September 27th, 2010 | Comments Off | Posted in recipe

moussakaLamb is so expensive, so when I see some on offer, I grab it. Sainsburys were doing 1kg of minced lamb for a fiver a few weeks ago, split into 500g packs, so I stowed a couple in the freezer. And then Friday was such a miserable damp day, we decided to construct a moussaka, not least to use up the aubergine lurking within the veg drawer in the fridge.

So … cut a couple of carrots, a courgette and a couple of celery stalks into small dice, chopped an onion and a few cloves of garlic, and set them to saute down.

Sliced the aubergine thinly, laid it on a baking tray lined with tin foil (saves washing up!), drizzled with olive oil, and set in a hot oven for about 30 minutes.

Browned the lamb mince off, and set it aside, draining off the fatty juice. Added some Ras el Hanout to the veg mix and cooked it down for a few minutes, then bunged in the lamb, a can of chopped tomatoes, a slosh of red wine, and some salt and pepper. Left that lot to simmer for about half an hour.

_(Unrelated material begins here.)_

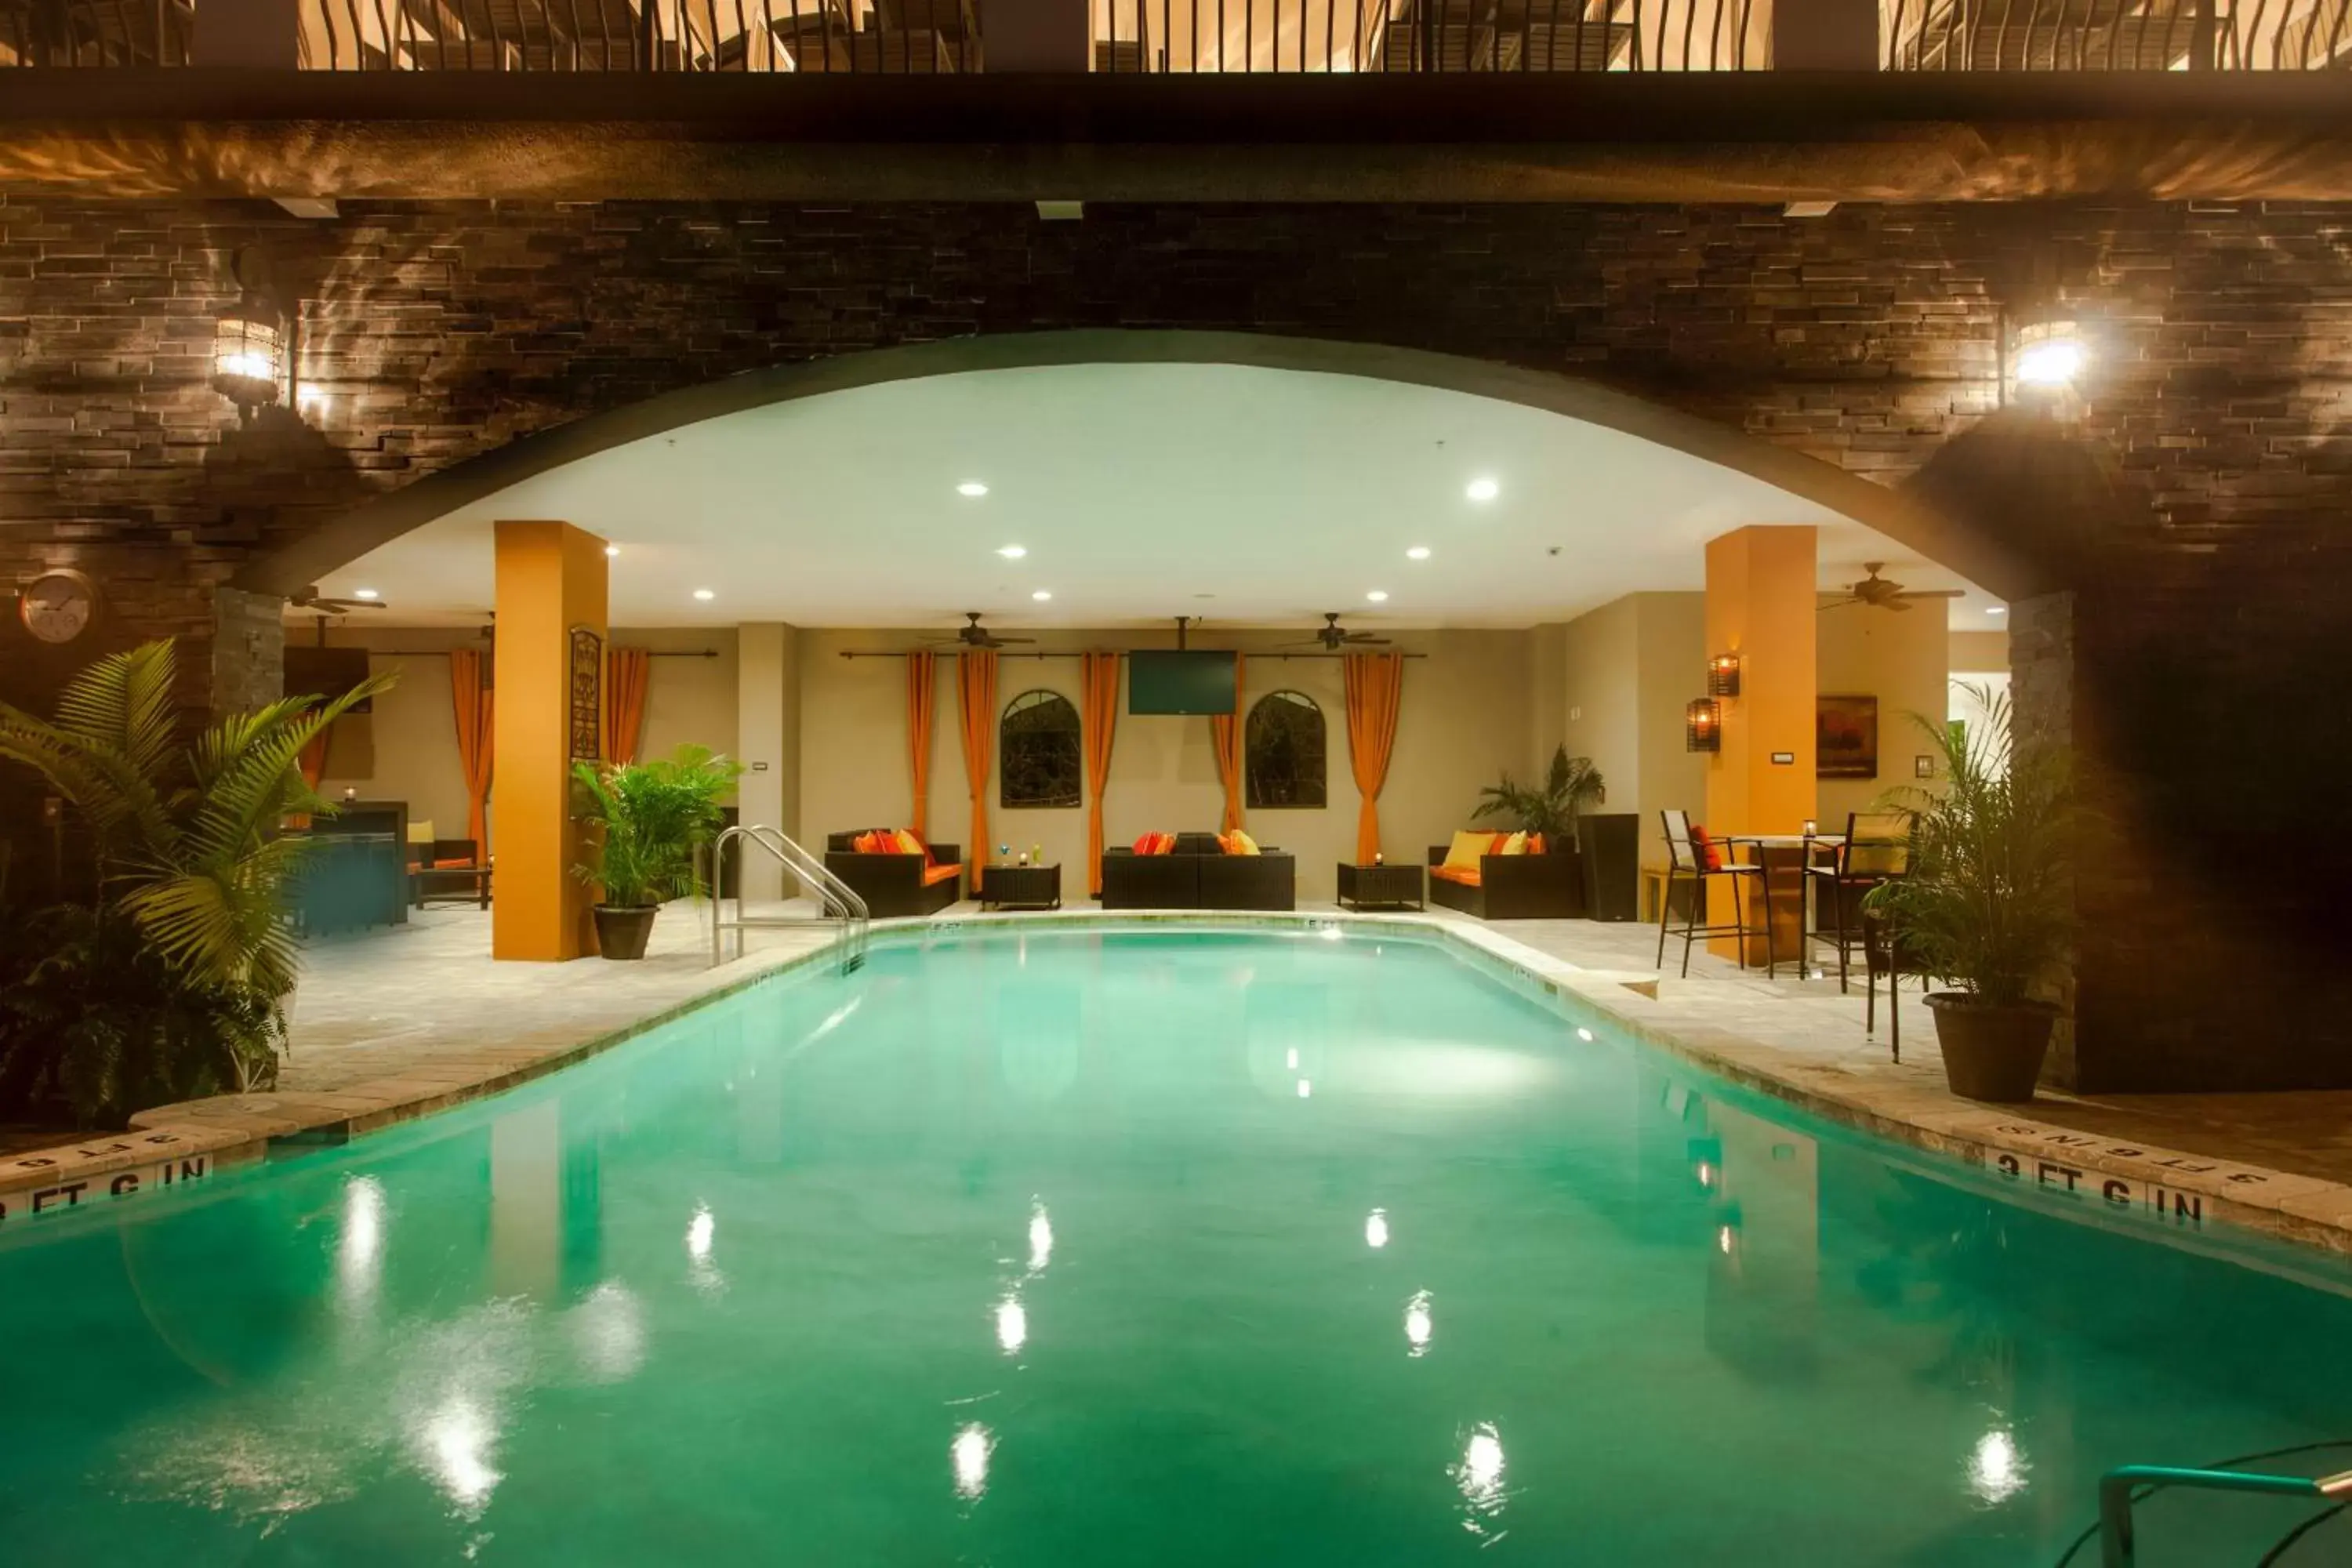 Swimming Pool in The Hotel Zamora

Made a white sauce with wholemeal flour (always do these days, as it’s better for us than white).

Then into the dish went meat/veg mix, then the sliced baked aubergine, then the white sauce, and finally some feta cheese, cubed small. This lot went into the oven at 200 for about 25 minutes.

It made four generous servings, so we had the rest yesterday. Om nom nom :)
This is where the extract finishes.